Metadata (name + description) — always in context (~100 words)
SKILL.md body — loaded when skill triggers (<500 lines ideal)
Bundled resources — loaded as needed (unlimited; scripts can execute without loading into context)

Keep SKILL.md under 500 lines. If approaching this limit, split into reference files with clear pointers about when to read them.

Set Appropriate Degrees of Freedom

Match specificity to task fragility:

High freedom (prose instructions): multiple valid approaches, context-dependent
Medium freedom (pseudocode/scripts with params): preferred pattern exists
Low freedom (specific scripts, few params): fragile operations, consistency critical

Writing Patterns

Use imperative form. Explain the why behind instructions — today's LLMs are smart and respond better to reasoning than rigid MUSTs. If you find yourself writing ALWAYS or NEVER in caps, reframe as an explanation.

Include examples where helpful:

## Commit message format
**Example:**
Input: Added user authentication with JWT tokens
Output: feat(auth): implement JWT-based authentication

Test Cases

After writing the skill draft, create 2-3 realistic test prompts. Share them with the user for feedback. Save to evals/evals.json:

{
  "skill_name": "example-skill",
  "evals": [
    {
      "id": 1,
      "prompt": "User's task prompt",
      "expected_output": "Description of expected result",
      "files": []
    }
  ]
}

See references/schemas.md for the full schema including assertions.
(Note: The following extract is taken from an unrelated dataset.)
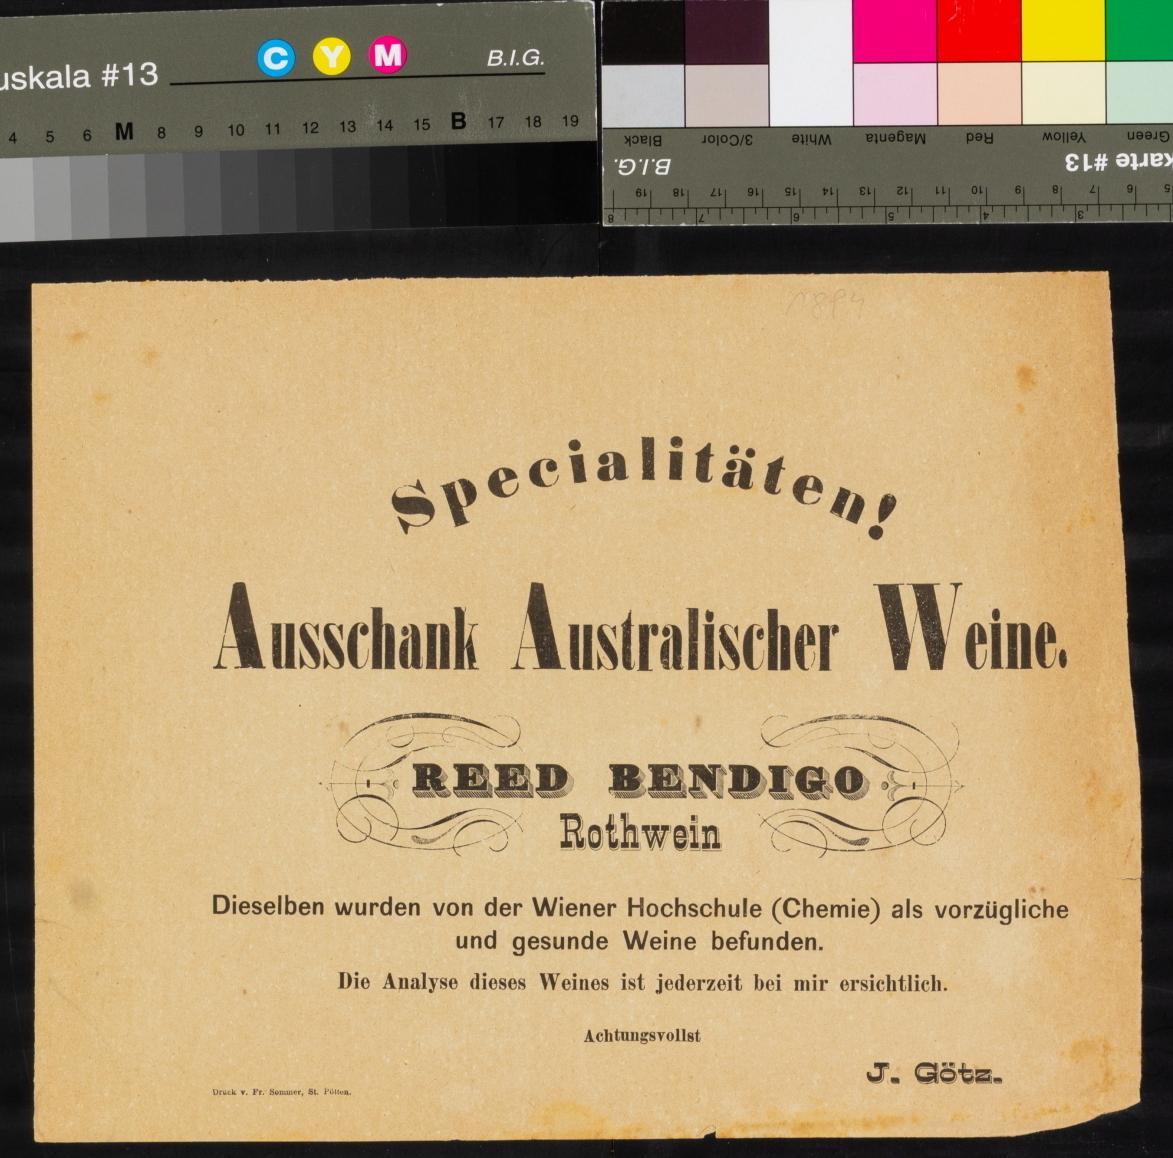 Weinausschanksankündigung, Australische Weine, bei J. Götz, St. Pölten

Running and evaluating test cases

This section is one continuous sequence. Put results in <skill-name>-workspace/ as a sibling to the skill directory. Organize by iteration (iteration-1/, iteration-2/, etc.) with each test case in its own directory (eval-0/, eval-1/, etc.).
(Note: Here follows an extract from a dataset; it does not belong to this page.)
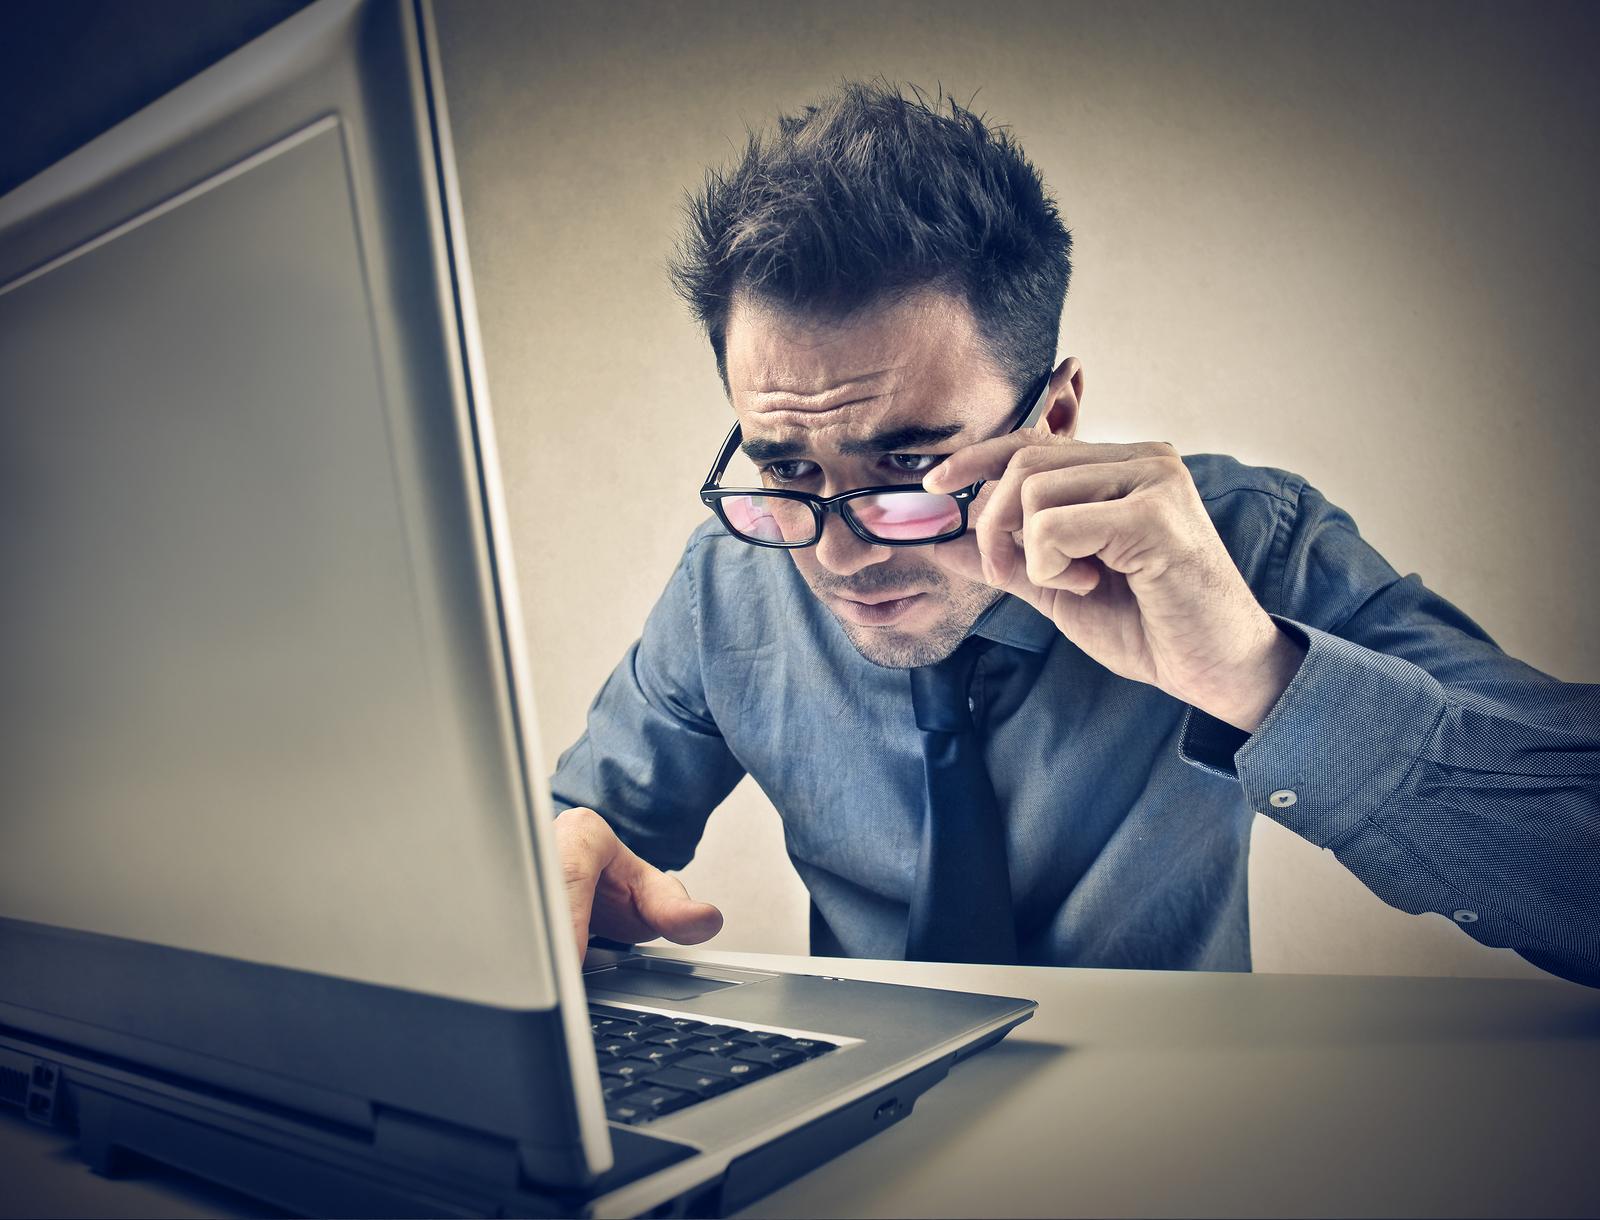 Postura incorrecta para trabajar delante del ordenador

Step 1: Spawn all runs in the same turn

For each test case, spawn two subagents simultaneously — one with the skill, one baseline. Launch everything at once.

With-skill run:

Execute this task:
- Skill path: <path-to-skill>
- Task: <eval prompt>
- Input files: <eval files if any, or "none">
- Save outputs to: <workspace>/iteration-<N>/eval-<ID>/with_skill/outputs/

Baseline run (same prompt, no skill or old skill version):

New skill: no skill at all → save to without_skill/outputs/
Improving existing: snapshot the old version, point baseline at snapshot → save to old_skill/outputs/

Write eval_metadata.json for each test case with descriptive names.
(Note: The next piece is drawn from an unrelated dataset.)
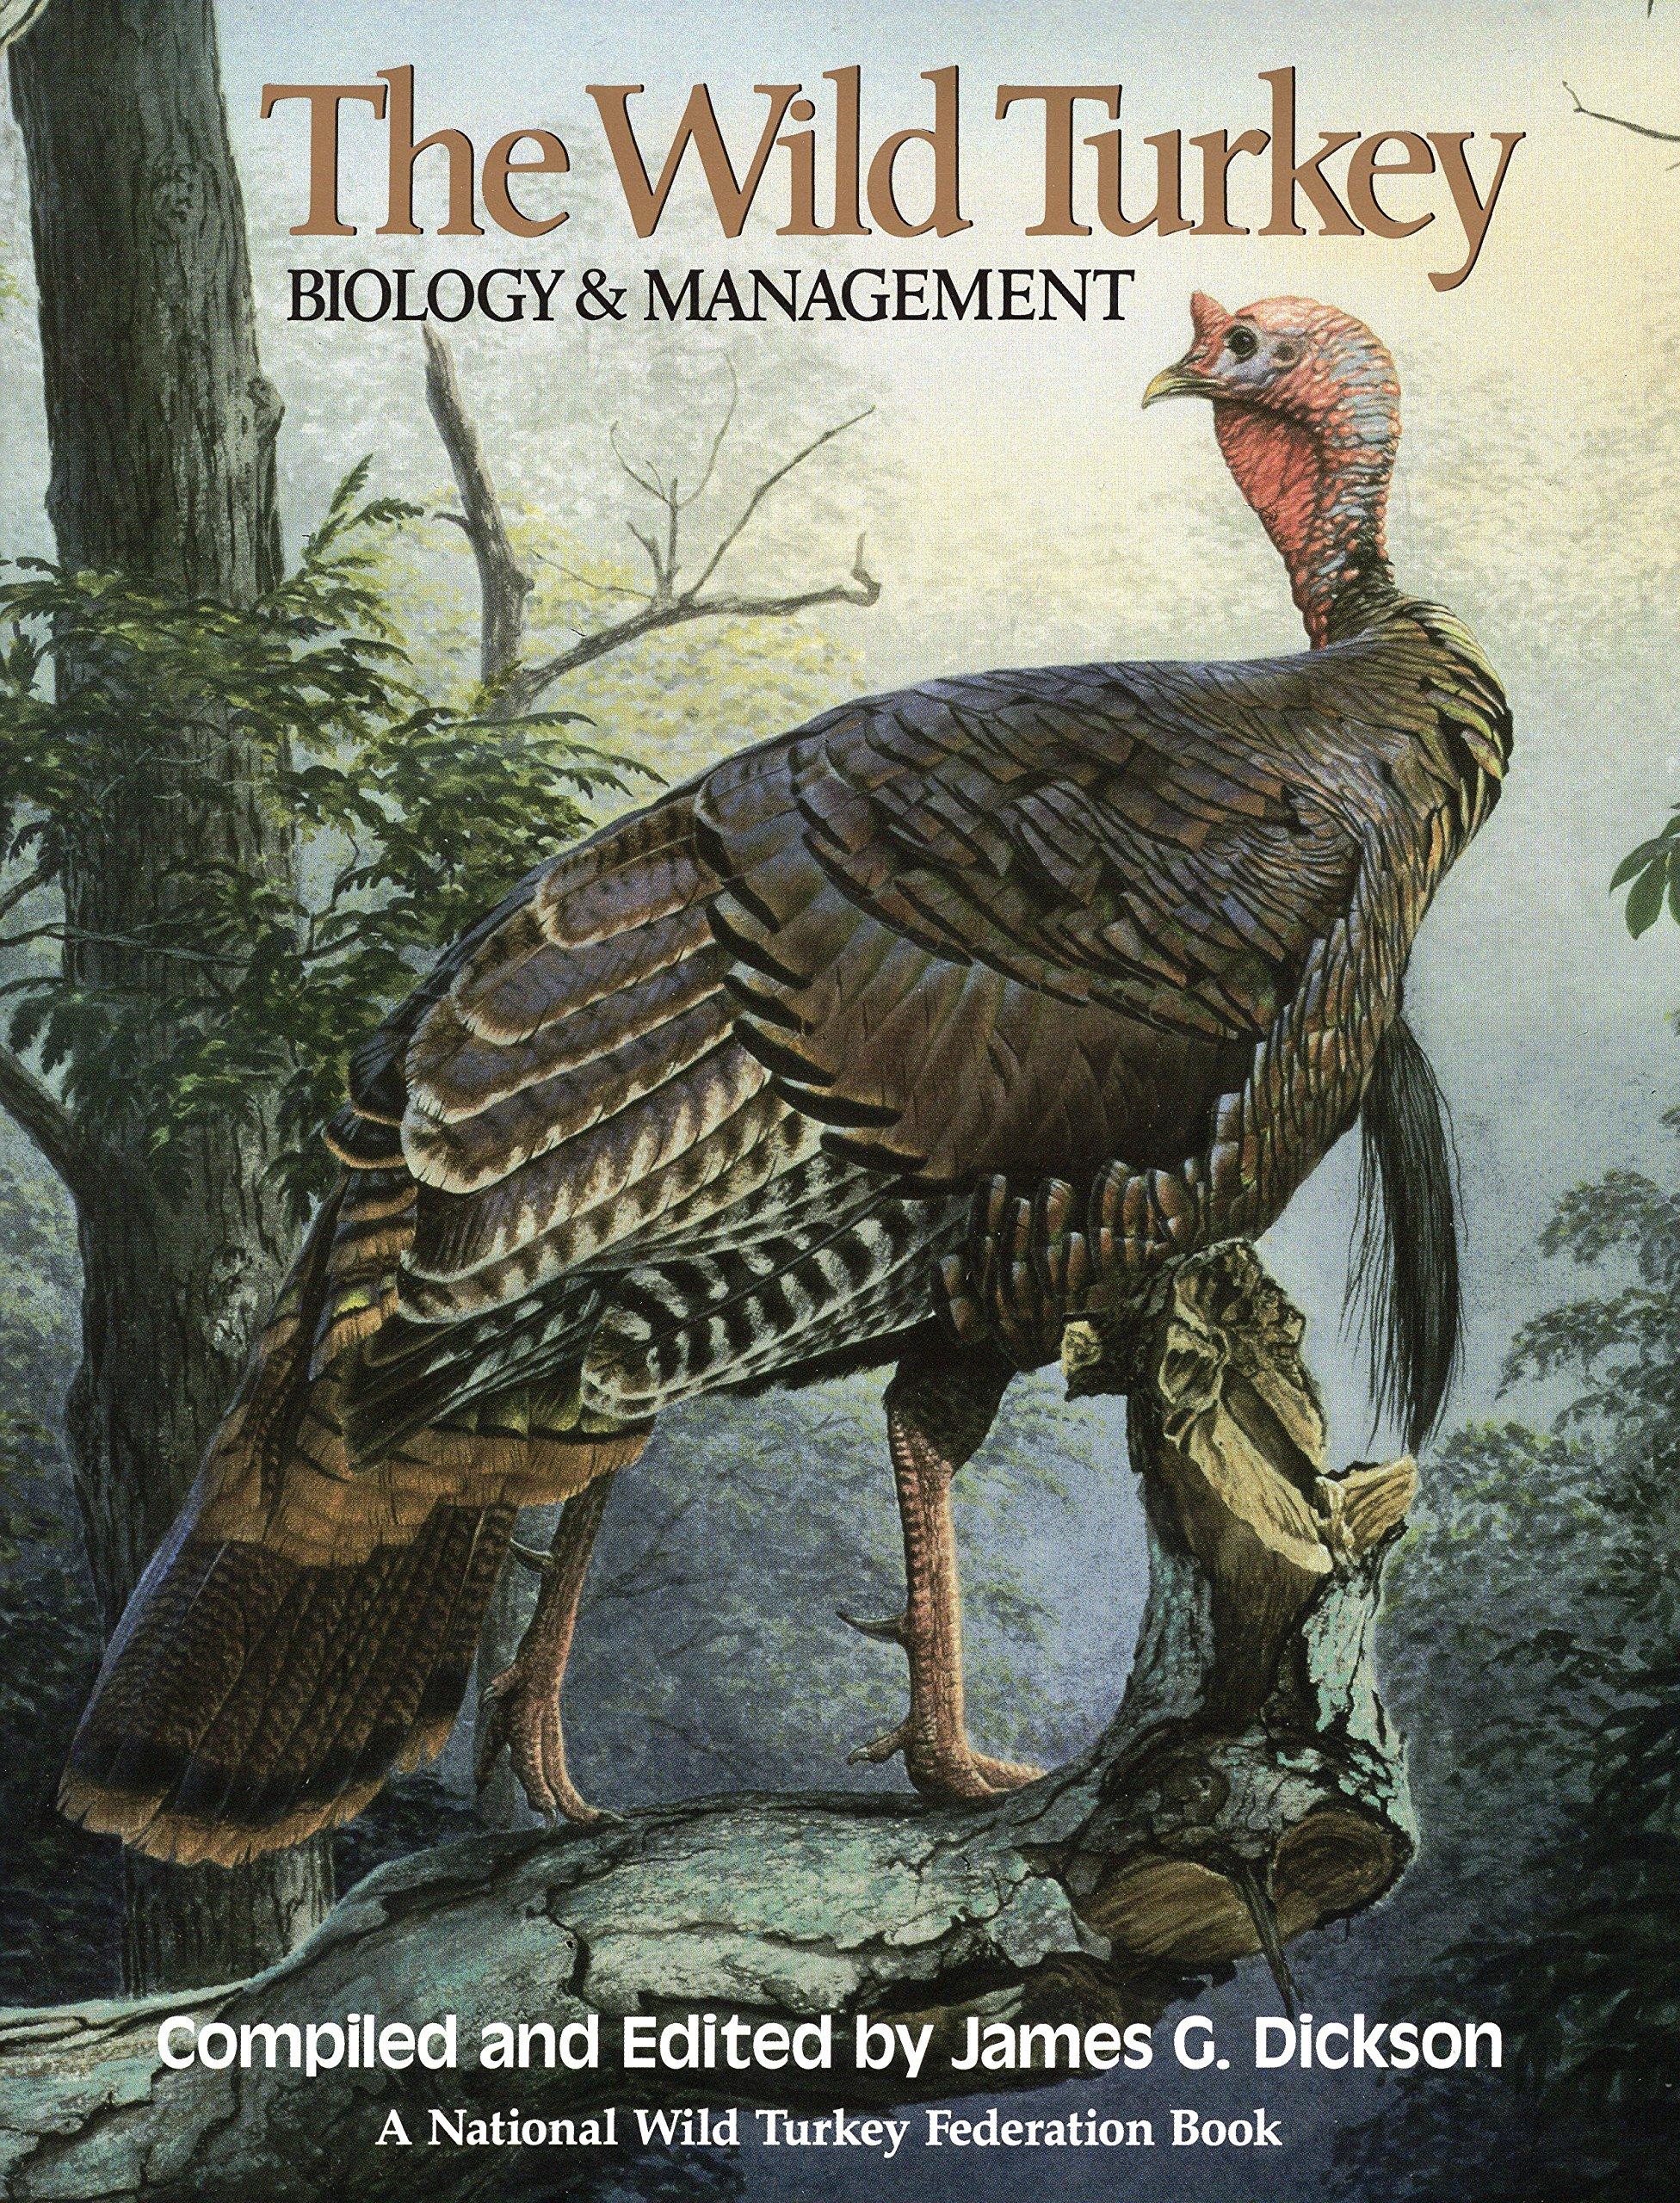 The Wild Turkey: Biology & Management

Step 2: While runs execute, draft assertions

Use the wait time to draft quantitative assertions. Good assertions are objectively verifiable with descriptive names. Don't force assertions onto subjective outputs.

Update eval_metadata.json and evals/evals.json with assertions.

Step 3: Capture timing data

When each subagent completes, the notification contains total_tokens and duration_ms. Save immediately to timing.json — this data isn't persisted elsewhere.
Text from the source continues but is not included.